2016 Postmortem
Related: About this forumCalifornia Green Party: "The Sanders Campaign Is Absolutely Destroying Us!"
California Green Party has lost 30% of its members since Bernie announced.
"The Sanders campaign is absolutely destroying us."
Those are the words of California Green Party spokesman Mike Feinstein, who, in response to an inquiry from Mother Jones on Friday, visited the website of the California Secretary of State. He discovered, to his consternation, that his party has lost 30 percent of its members in the months since Sanders launched his presidential campaign. "I am apoplectically mad right now," Feinstein says. "I am so disgusted with this."
"They intentionally went after our voters because they are low-lying fruit on the issues," he adds, citing mailers the Sanders campaign sent to Green Party members.
The steep drop in Green registration underscores how Sanders has energized California's far-left electorate.
The party's steep decline in registrationfrom nearly 110,000 voters in early 2015 to 78,000 nowrepresents a tiny fraction of California's 18 million registered voters. Yet it underscores how the Sanders campaign has made deep inroads into California's liberal electorate, tapping voters who may have never before considered voting for a Democrat.
http://www.motherjones.com/politics/2016/06/bernie-sanders-destroying-green-party-california-primary-hillary-clinton
onecaliberal
(32,812 posts)Go get some cheese to go with your whine. People have free will to register and vote for whomever they choose.
beachbumbob
(9,263 posts)Lord Magus
(1,999 posts)Not an insignificant segment clearly, but not a majority either.
SheenaR
(2,052 posts)They should stop reaching out to his people to get him to run Green
tularetom
(23,664 posts)and see how that goes over. If you are so pissed off at Bernie Sanders.
Shame on Sanders for making an appeal to environmentally concerned voters.
Skink
(10,122 posts)Open primaries would stop this kind of thing from happening. One person one vote
Txbluedog
(1,128 posts)Skink
(10,122 posts)mike_c
(36,281 posts)First, many of us who changed parties to support Senator Sanders will certainly return to the Green party in the general election if he isn't the democratic party nominee or isn't otherwise on the ballot in November. Second, Sanders policy positions are far more closely aligned with Green party values than any other candidates', so he is currently the best hope for real progressive reform in line with the GP's broader objectives. Jill Stein seems to understand this.
Jim Lane
(11,175 posts)The vast majority of voters realize that, barring a fundamental and currently unforeseeable change in the rules, almost every election (including every Presidential election) will be won by a major-party nominee.
Bernie Sanders is running in primaries and caucuses, which get less turnout than the general election, and still hasn't gotten the benefit of California and the other states (plus D.C.) that vote in June. Nevertheless, he has already received more votes than ALL the Green Party candidates for President in that party's entire history, combined. He has also, through a series of nationally televised debates and the other aspects of a campaign that gets more than fleeting public attention, done more to bring progressive ideas into the political discourse than all those Green Party candidates combined.
And I'm most definitely including Ralph Nader in that calculation.
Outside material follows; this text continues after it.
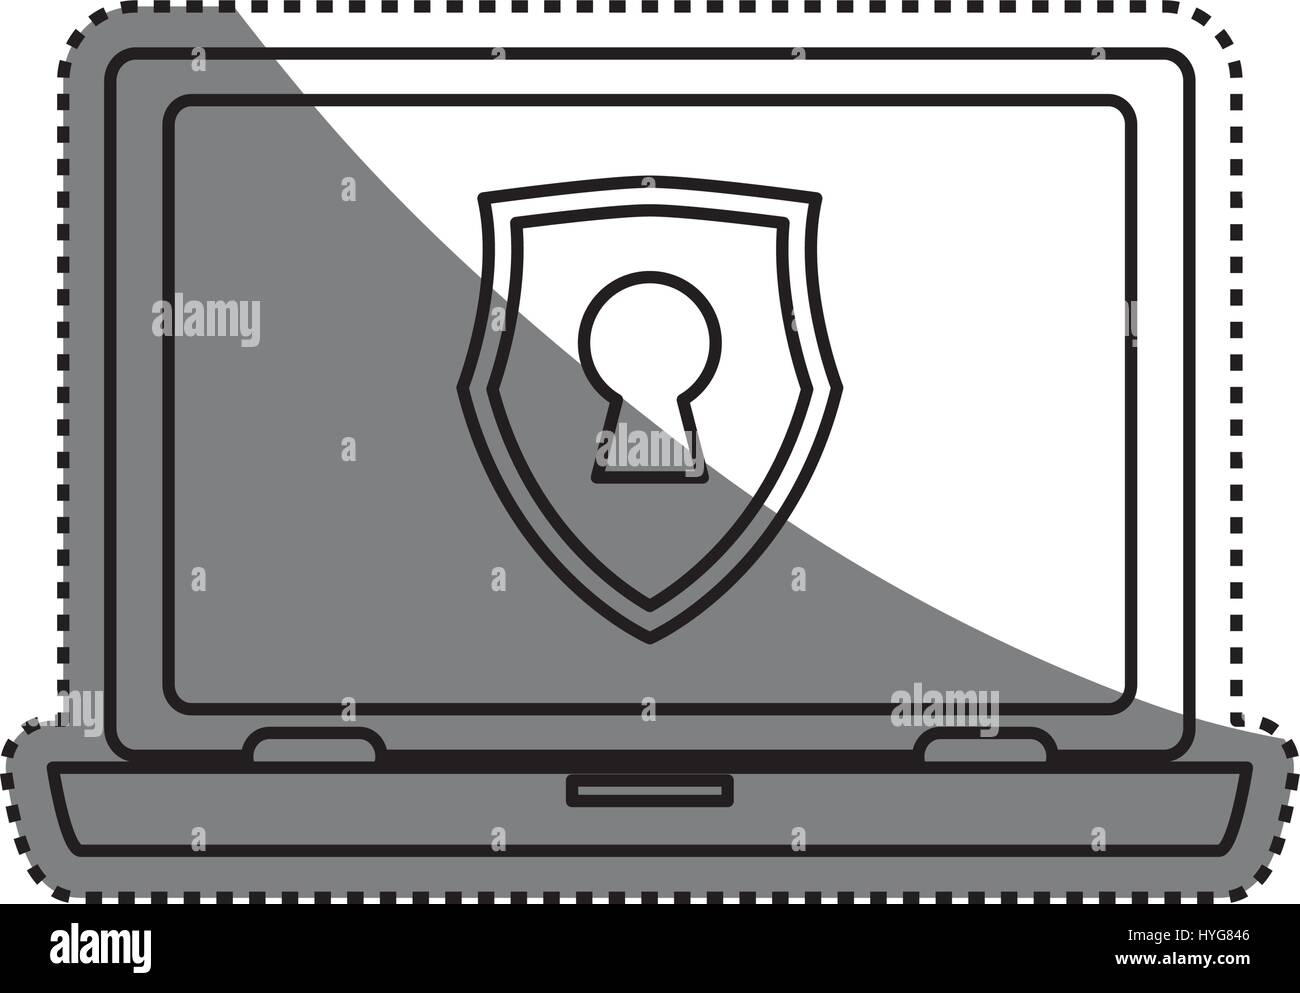 computer lock security privacy Stock Vector
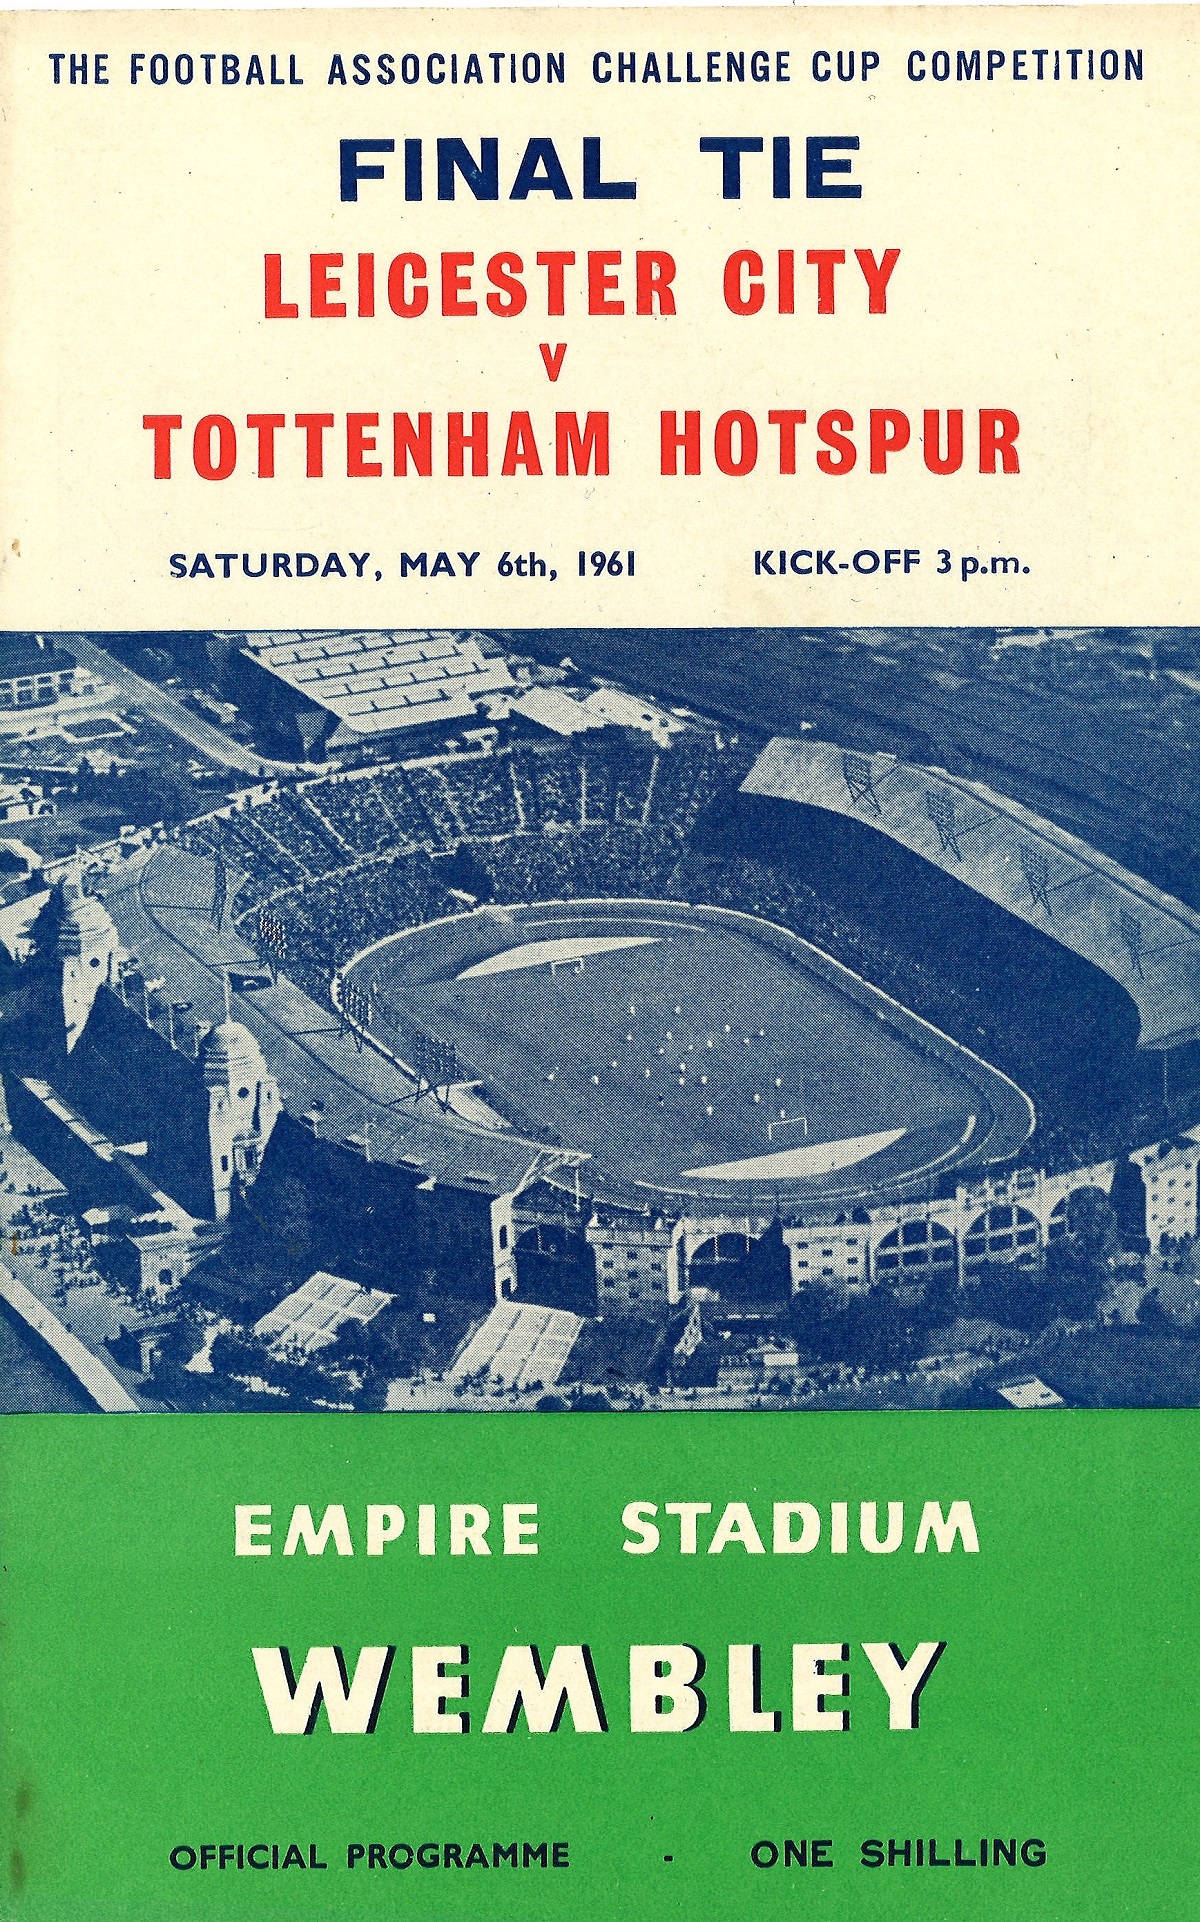 Football Leicester City v Tottenham Hotspur 1961 FA Cup Final signes 16x12 black and white photo - Image 2 of 2

If, over the last 20 years, all the energy that went into the Green Party had instead been directed within the Democratic Party, what would have happened? Would it have been enough to enable Sanders to overcome Clinton's enormous initial advantages? We can't know. But it's not completely ridiculous to think that Greens could have made the difference in Iowa, turning a narrow Clinton win into a narrow Sanders win. With Sanders winning the first two contests, he gets more media attention. Maybe that and the increased credibility of his candidacy give him the few percentage points he needed in Nevada. Then he comes out of February having won three out of four instead of the reverse. OK, that's a lot of "ifs", but Sanders as nominee and then as President is surely a much more realistic scenario than the Jill Stein inauguration.
Jitter65
(3,089 posts)Barack_America
(28,876 posts)marlakay
(11,446 posts)I may be joining them soon.
BobbyDrake
(2,542 posts)Bravo, Bernie. Bravo.
AgingAmerican
(12,958 posts)BobbyDrake
(2,542 posts)AgingAmerican
(12,958 posts)Zero of them will vote Hillary, hence your befuddlement.
BobbyDrake
(2,542 posts)You can't be a registered Green Party member and vote in the Democratic Primary.
And as usual, the insult the Sanders supporter attempts turns out to be nothing but desperate projection.
AgingAmerican
(12,958 posts)They have been LEAVING the Green Party and Joining the Democratic party to vote for Sanders.
Hillary supporters don't want new members in the party unless they march in lockstep with Clinton/DWS.